En las páginas de los evangelios se nos presenta al Señor Jesucristo como modelo de vida devocional.

La comunión con el Padre siempre fue prioridad para el Maestro.

Así quiso enseñar también a los suyos sobre la importancia de la oración. La instrucción que el Hijo de Dios nos legó está en la Escritura, tanto en el aspecto teórico y doctrinal, como en el aspecto práctico y cotidiano. El Espíritu Santo inspiró a los autores de la Escritura para consignar los detalles importantes y trascendentes de la vida del Señor. Los santos hombres de Dios nos dejaron testimonio de episodios cumbres en los que el Maestro enseñó sobre la oración como medio para satisfacer la necesidad más esencial que tiene el ser humano: la comunión con el Eterno.
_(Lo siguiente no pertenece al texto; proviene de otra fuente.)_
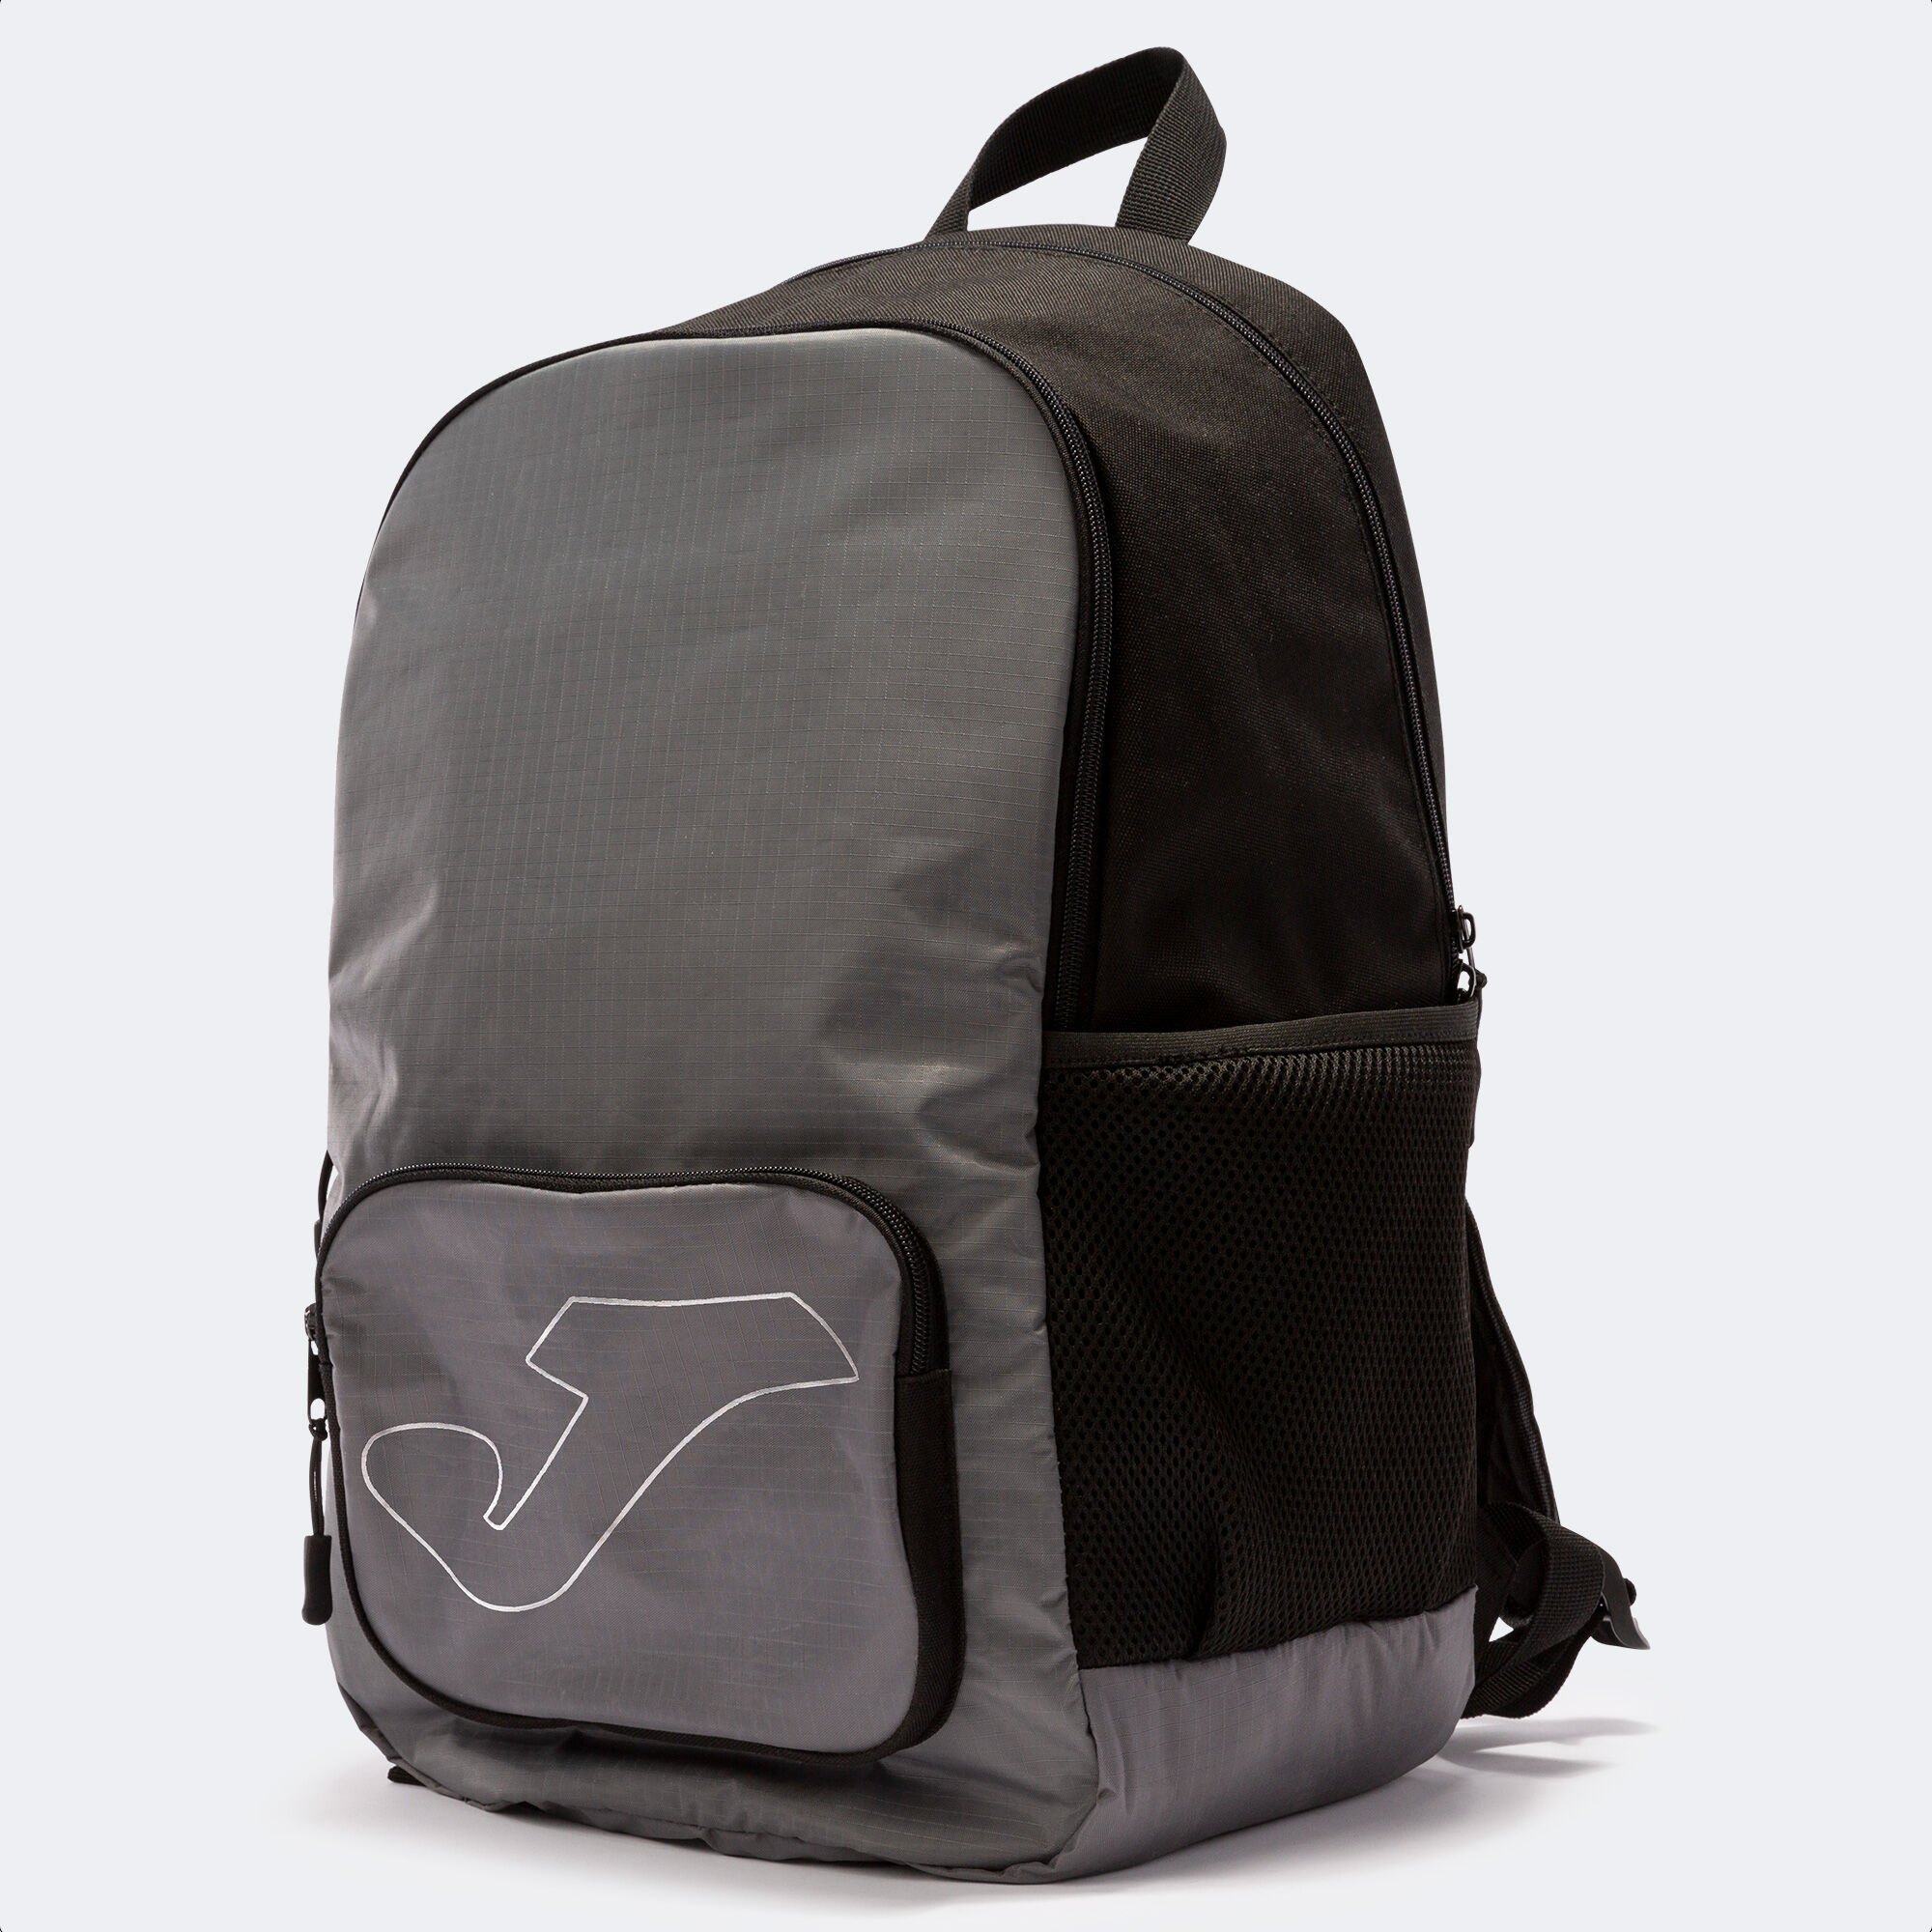 Backpack - shoe bag Academy black dark gray

Diversos pasajes bíblicos refieren que en Jesucristo esta era una práctica regular, frecuente y cotidiana.

Cristo instruyó sobre la importancia de la oración

En el sermón del monte incluyó el Maestro ordenanzas específicas sobre la oración y la actitud piadosa que debemos manifestar los herederos del reino. Hemos de responder a las agresiones de manera distinta a la que lo hace el mundo. El odio y el rencor, el desprecio y la maldición son reacciones naturales hacia los enemigos; pero los hijos de Dios tenemos que orar por los que nos ultrajan y persiguen (Mateo 5:44, 45).
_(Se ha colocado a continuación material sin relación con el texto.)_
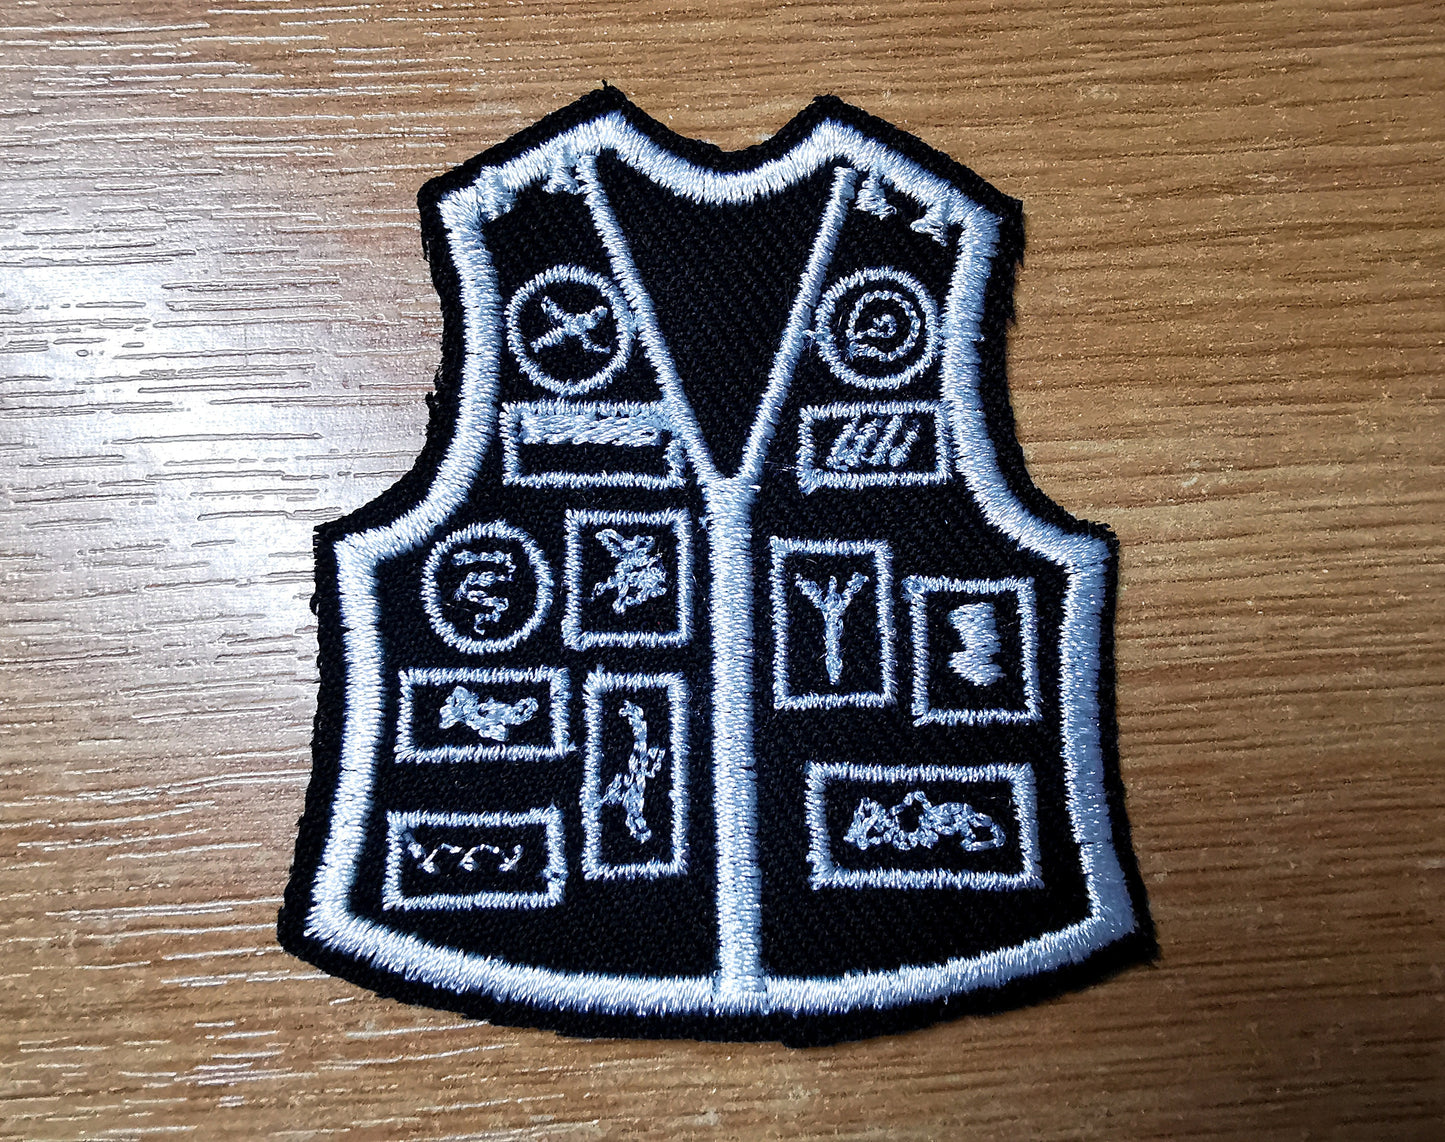 Battle Jacket Embroidered Patch Jacket Parody Death Metal Black Metal Patch Thrash Metal Viking

La enseñanza del “Padre nuestro” pretende sentar las bases de la sincera devoción en cuanto a las disciplinas espirituales. Sobre la oración tiene esta porción aspectos negativos, que señalan los vicios a evitar a la hora de entablar plática con el Creador. La familiaridad debe prevalecer y la intimidad ha de procurarse haciendo a un lado los protocolos que buscan la gloria del que ora más que la de Dios. Tenemos que ir más allá de la superficialidad, no perseguir la justicia propia ante los hombres, no atraer los reflectores de modo que ganemos fama como personas superespirituales. Si buscamos ser vistos por los demás perderemos la recompensa del Padre que está en los cielos (Mateo 6:1).

De acuerdo a lo que enseña Cristo debemos evitar la hipocresía en la oración. Señala el Maestro como reprobable las pretensiones y las formas de los que aman ser admirados por sus semejantes. Habla de personas que procuran lugares y tiempos estratégicos como plataformas para presumir su devoción. Se trata de hombres que aprovechan los lugares públicos y concurridos para levantar clamor. Fingen que se dirigen al Creador, pero apuntan a ser escuchados y observados por los circunstantes. Esa es su recompensa, que las multitudes se impresionen con su espectáculo (Mateo 6:5).

La sinceridad ante todo, la devoción por encima del hambre de reconocimiento. La privacidad es importante, porque lo que el Creador ve en secreto lo recompensa en público. En la oración no se trata de lucir, sino de estar en la presencia de Dios. No nos acercamos primordialmente por cuestiones ministeriales, sino por necesidad de su amor y gracia. Anhelamos su bendición y por ello separamos tiempo para habitar en la hermosura de su santidad. En la intimidad de la casa, a puerta cerrada, sin grupos que nos observen, será la mejor forma de platicar con nuestro Padre (Mateo 6:6).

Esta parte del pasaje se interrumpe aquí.